Office investments continue to build steam with 3Q of 2025 QtoQ increase in properties listed for sale. It will still be a process on selling office investments and managing back to work mandates. 

Industrial 
It is finding a new equilibrium after Covid. The leasing demand is moderating but the investment fundamentals are strong. New construction by 2026 will have dropped to a 11-year low. The bright spots are cold-storage and AI driven infrastructure, but it is not a sure bet. The trade policy weekly shifting is still a problem for industrial users. 

Retail 
The retail vacancies are at record lows with limited new supply which is helping to stabilize values for grocery anchored centers and experimental retail centers. Discretionary spending is still most impactful and may be decreasing. The least over-priced sector in retail is major food group centers. 

Data Centers 
This sector is hotter than ever.

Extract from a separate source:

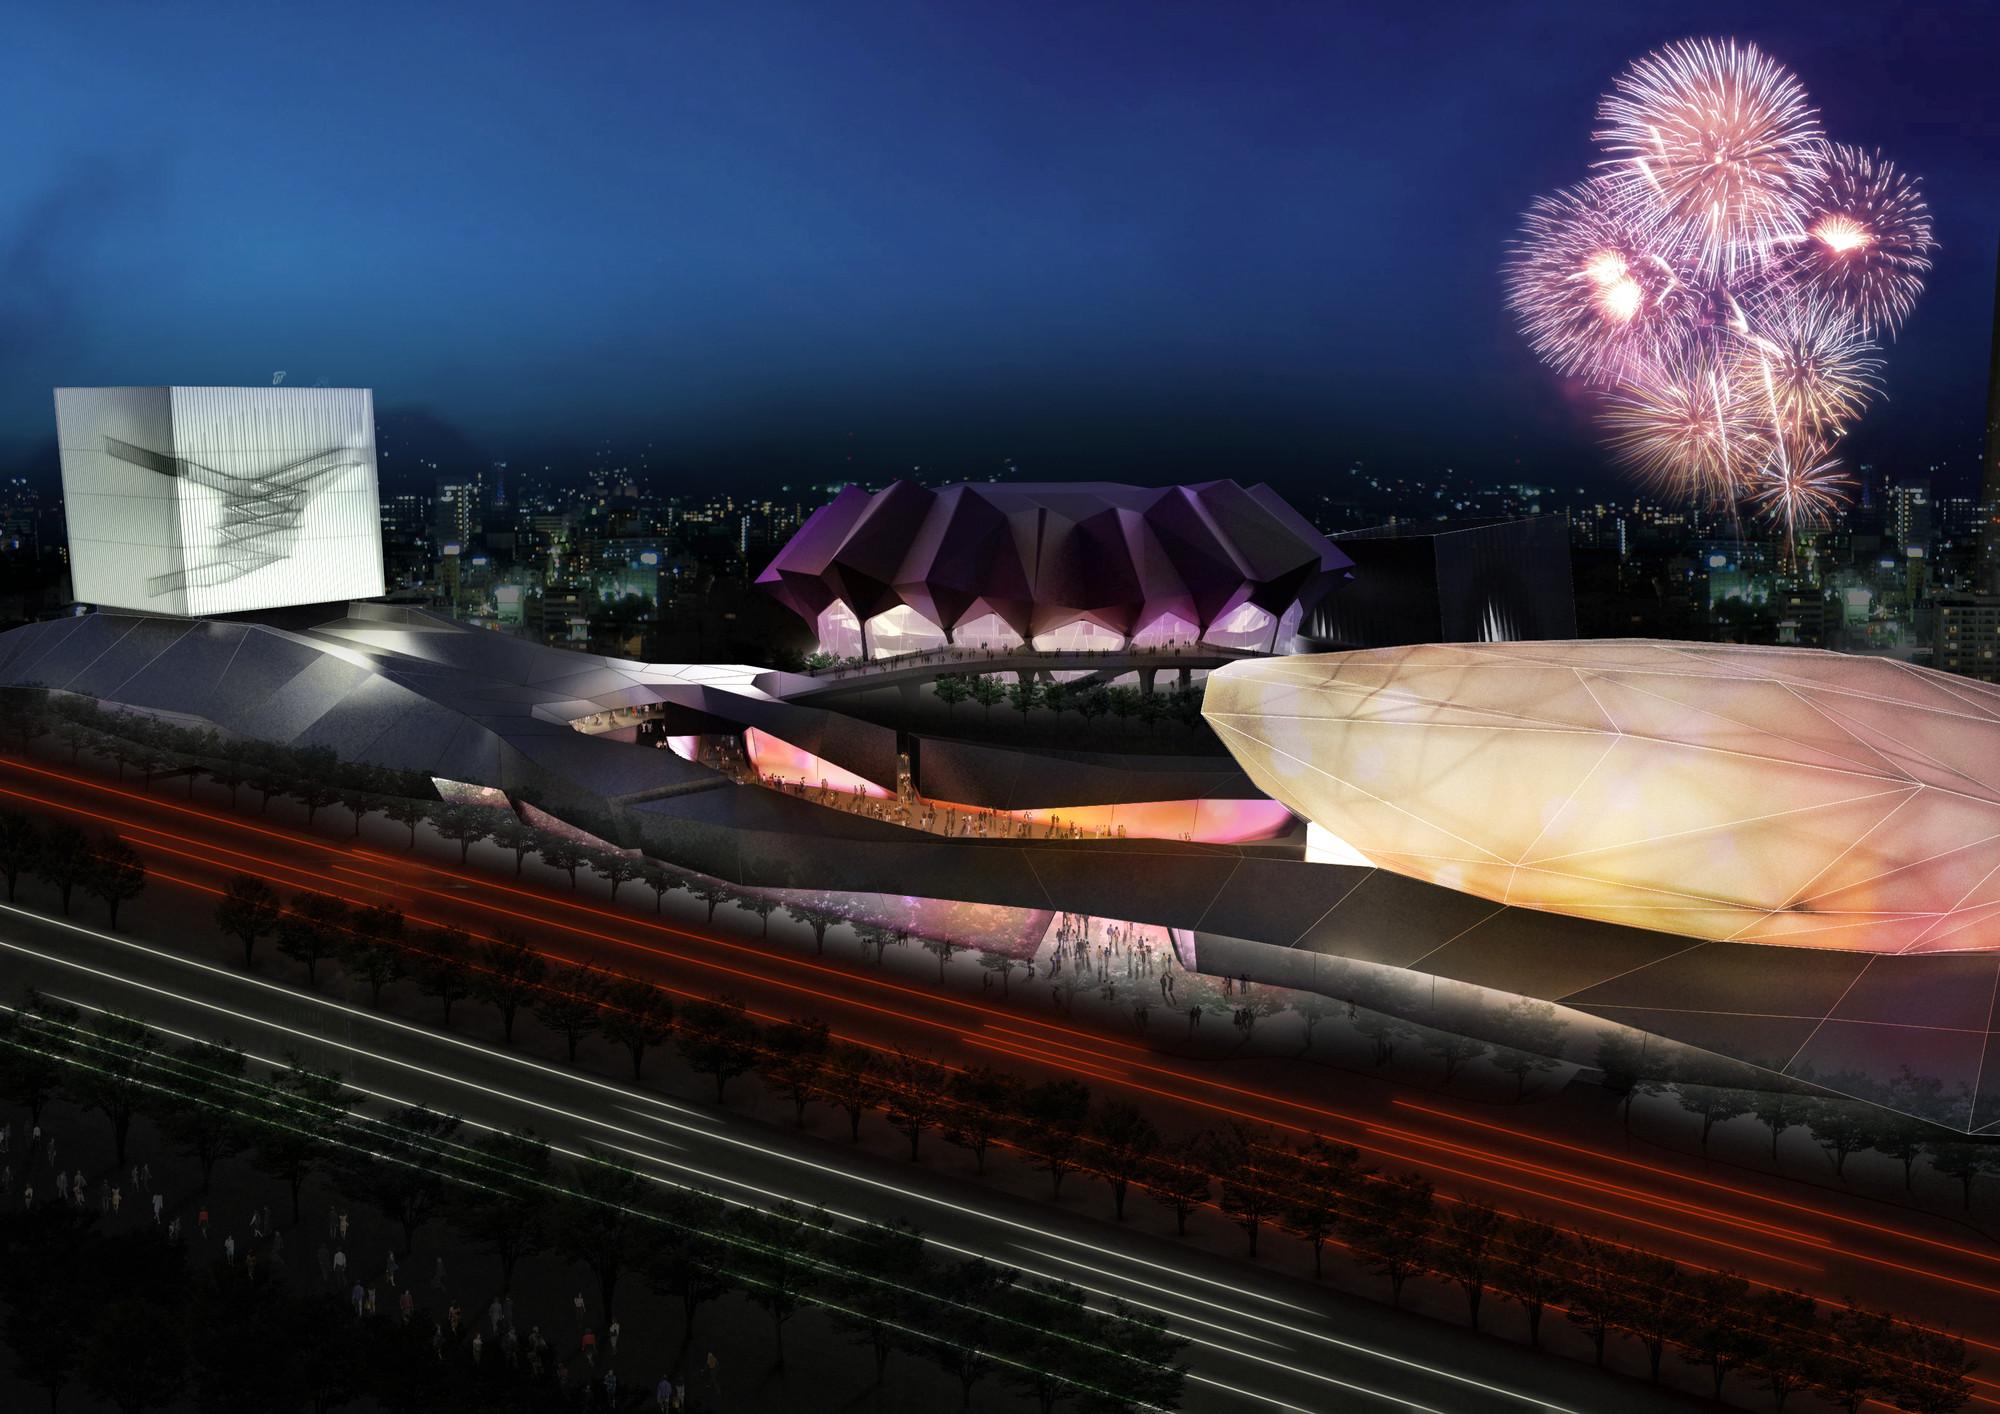 Reiser + Umemoto's Taipei Pop Music Center Breaks Ground in Taiwan, Courtesy of Reiser + Umemoto, RUR Architecture PC

There is $3 trillion to be invested in data centers globally by 2030. However access to power will be a key factor. 

Near-Term 
Dianne stated that she sees the glass half full for real estate and the economy with tariffs being the wild card. She also needs to see where the labor market is going. The August 2025 unemployment rate rose to 4.3% which is the highest since October 2021. Good news is that there may be low hiring but there is low firing. 

August, 2025 added only 22,000 jobs which is a significant slowdown in hiring. June was the first net loss in jobs since December 2020. However the Mortgage Bankers Association members are expecting a 24% increase in loans in 2026 from 2025.